I have not had any real issues with my mill, but I did go through and checked the electrical connections in the control box, junction boxes and the pecker head on the motor. I found some connections that I got 1/2 to 3/4 of a turn out of. 

I would recommend that you do this it can prevent premature failure of your electrical components, definitely do the pecker head on the motor I found several loose connections in there. Make sure you unplug your mill before doing this.

When I changed my gear oil I flushed the head with mineral spirits, I filled it up with mineral spirits rotated the quill by hand through all the gear settings then drain it out and blew it out with compressed air and then filled it with the new gear oil. I used 75W/90 from Advanced Auto Parts. I got quite a bit of crap out of there I'll probably do the same each year when I change gear oil.

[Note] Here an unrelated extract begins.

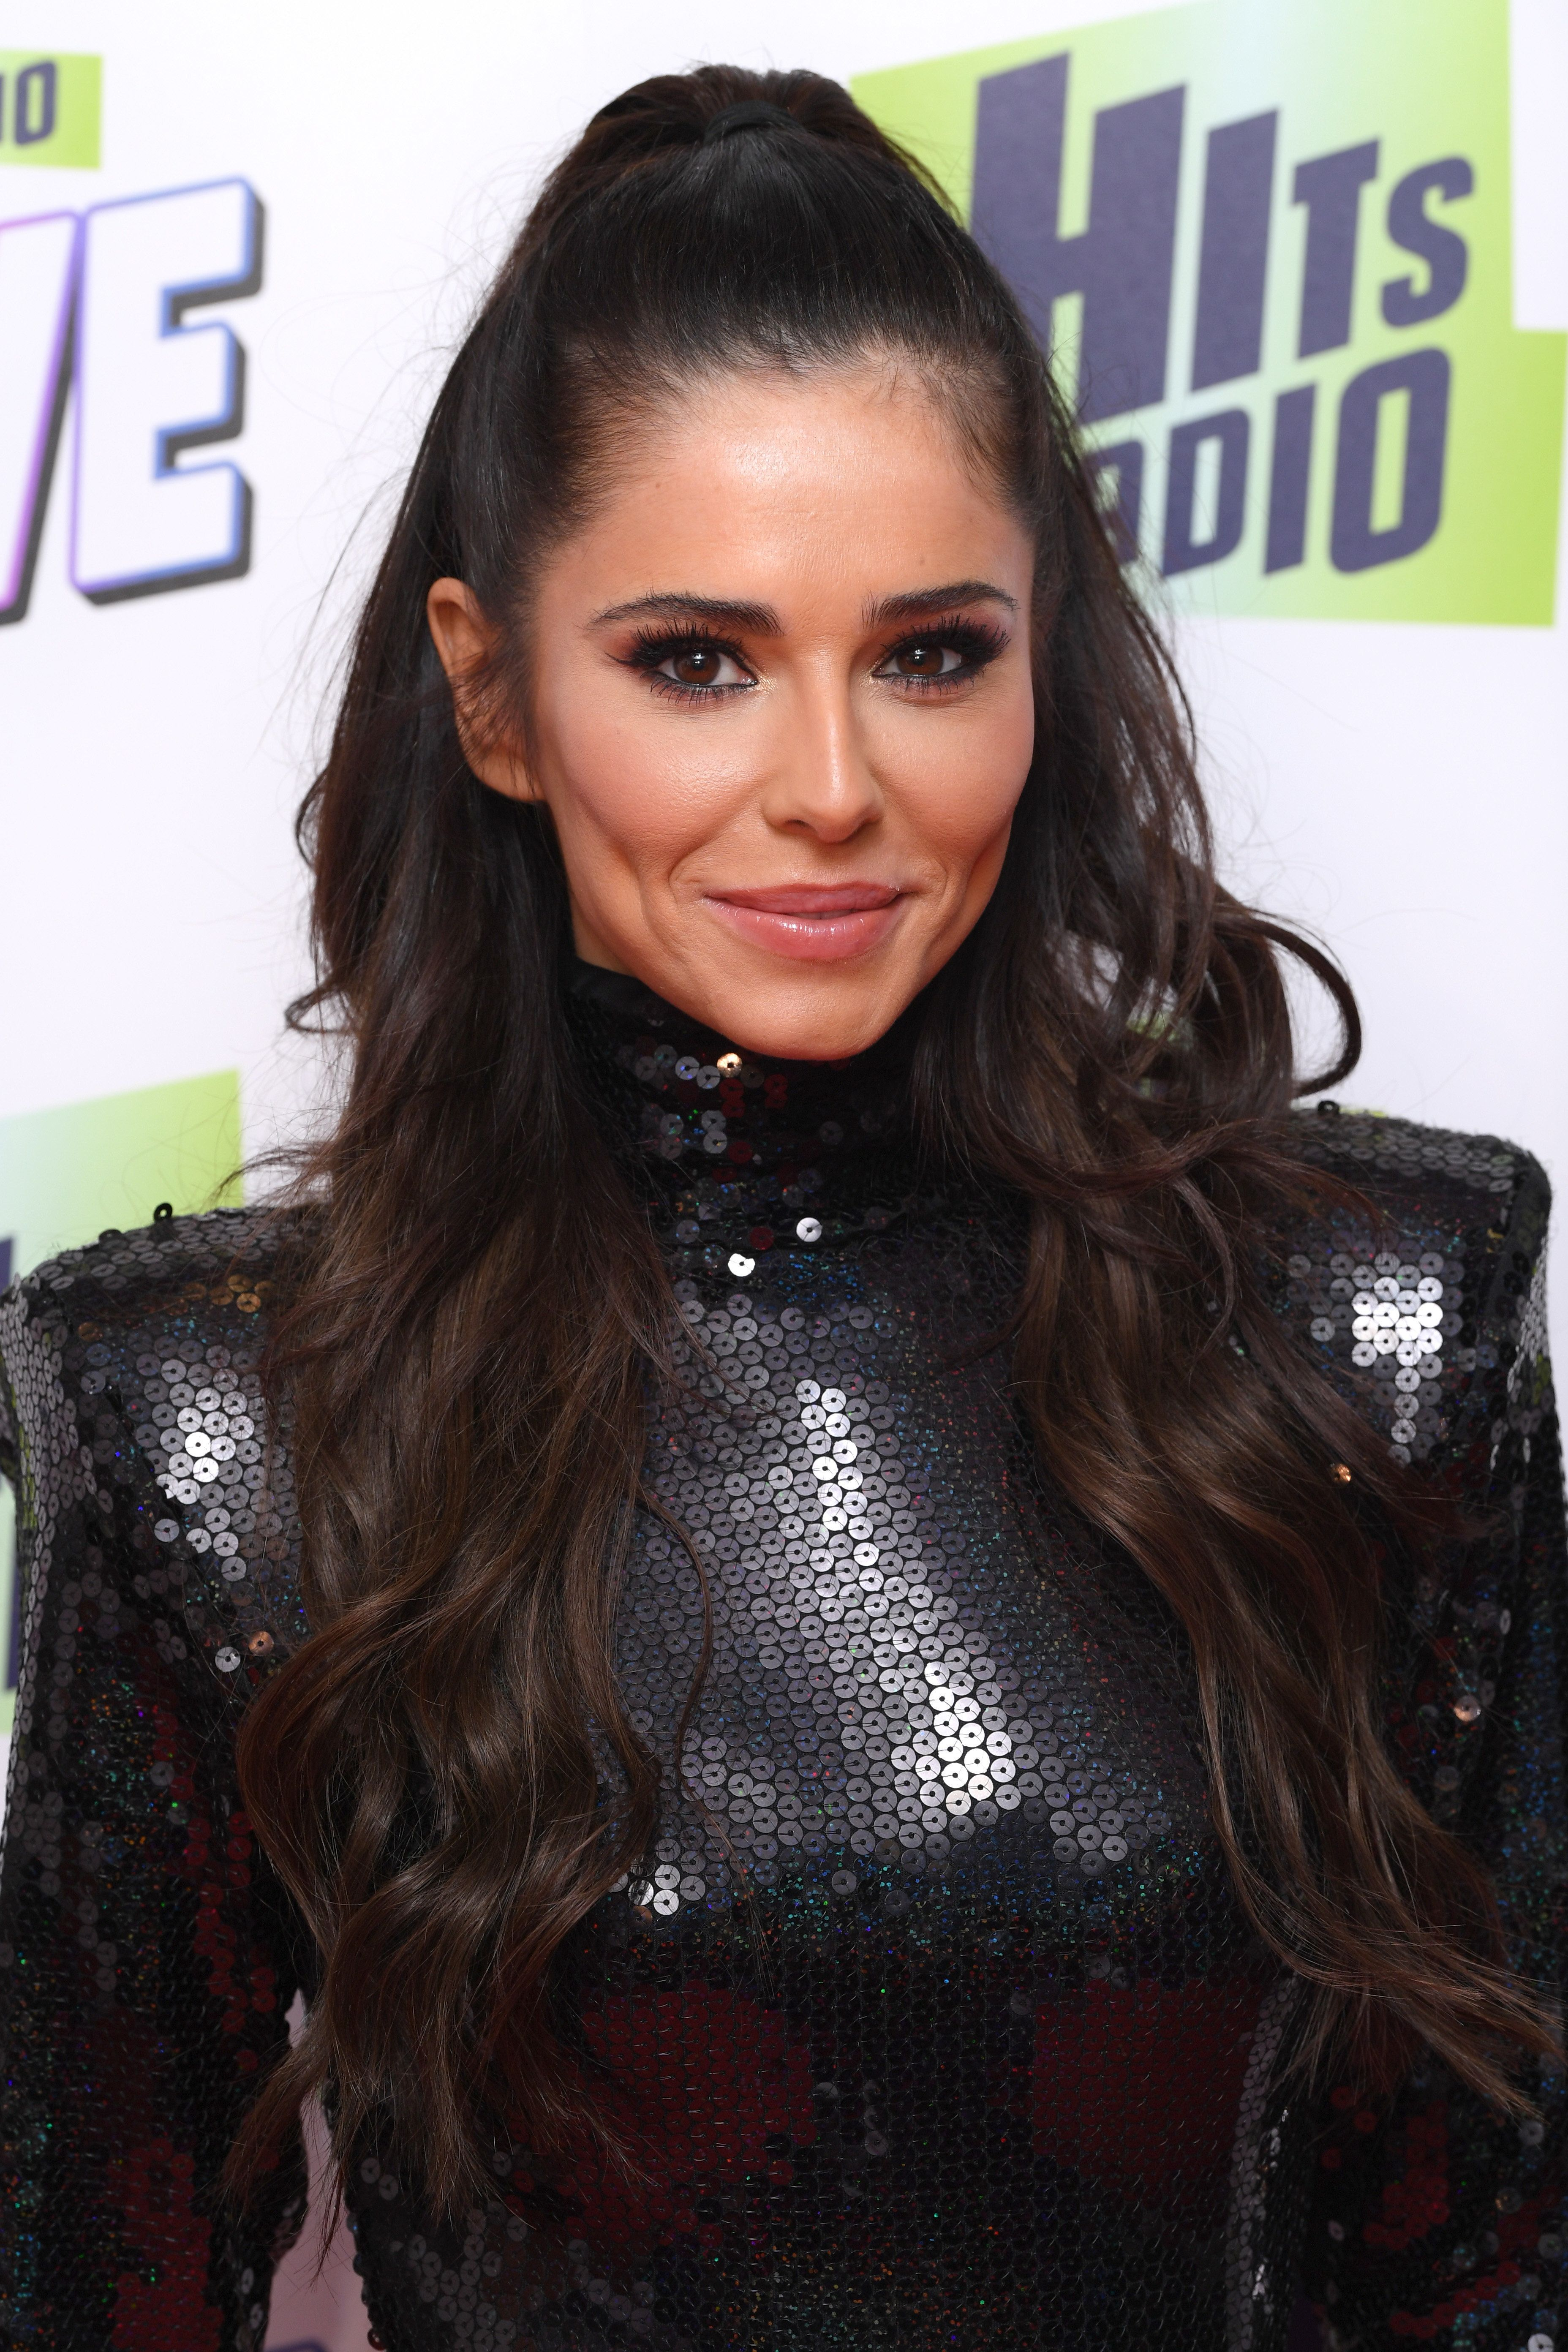 Cheryl Tweedy's Rep Hits Back At Claims Of 'Diva Behaviour' At Comeback

Matt was great to work with and I would definitely buy from him again. Your right the internet is a great resource. That's where I've got most of my machining info since getting my mill.


----------



## RockwellHardness (Nov 23, 2013)

Plas62 said:


> I have not had any real issues with my mill, but I did go through and checked the electrical connections in the control box, junction boxes and the pecker head on the motor. I found some connections that I got 1/2 to 3/4 of a turn out of.
> 
> I would recommend that you do this it can prevent premature failure of your electrical components, definitely do the pecker head on the motor I found several loose connections in there. Make sure you unplug your mill before doing this.
> 
> ...




Hi Plas62,  

I do not have the mill in front of me,  what is the pecker head on the motor?   I did indeed go though and tighten anything I could  see, and there was some things that needed attention.   

I too have been  thinking of flushing, though using  kerosene,  but mineral spirits sounds like a better idea,   should not hurt the seals I would think.  And from my experience with paint thinner,  if left in the pail long enough,  if separates out and the  it can be used again. 

RH


----------



## Rbeckett (Nov 23, 2013)

Generally  speaking Matt does a darn good job insuring the QC inspections on his machinery is valid and that all the nuts and bolts are properly tightened.  Fit and finish on the PM machinery is and has been pretty darn good and remarkably issue free.  Ray or Matt can help you with your initial tramming and can answer any technical questions you may have too.  Congrats on the new machines and don't forget to show us all some pics of the first project when you get started with it!!! I know in the long run you both will be very happy with these machines and their capabilities.  I know when I was considering a new machine it was a case of selecting the PM I could afford and have the specific capabilities I was searching for.  Those machines are available with so many different levels of options that I was all bogged down trying to decide which options I had to have and which ones were negotiable.  For the money I found very few of the options were negotiable since the enhanced machines were not signifigantly more expensive than the base models when you compared adding the same features to a Grizz, or South Bend.   

Bob  

Bob


----------



## Plas62 (Nov 23, 2013)

The pecker head on the motor is slang for the electrical connection box mounted to the motor. I've heard them called that for long I didn't think about using the correct term.


----------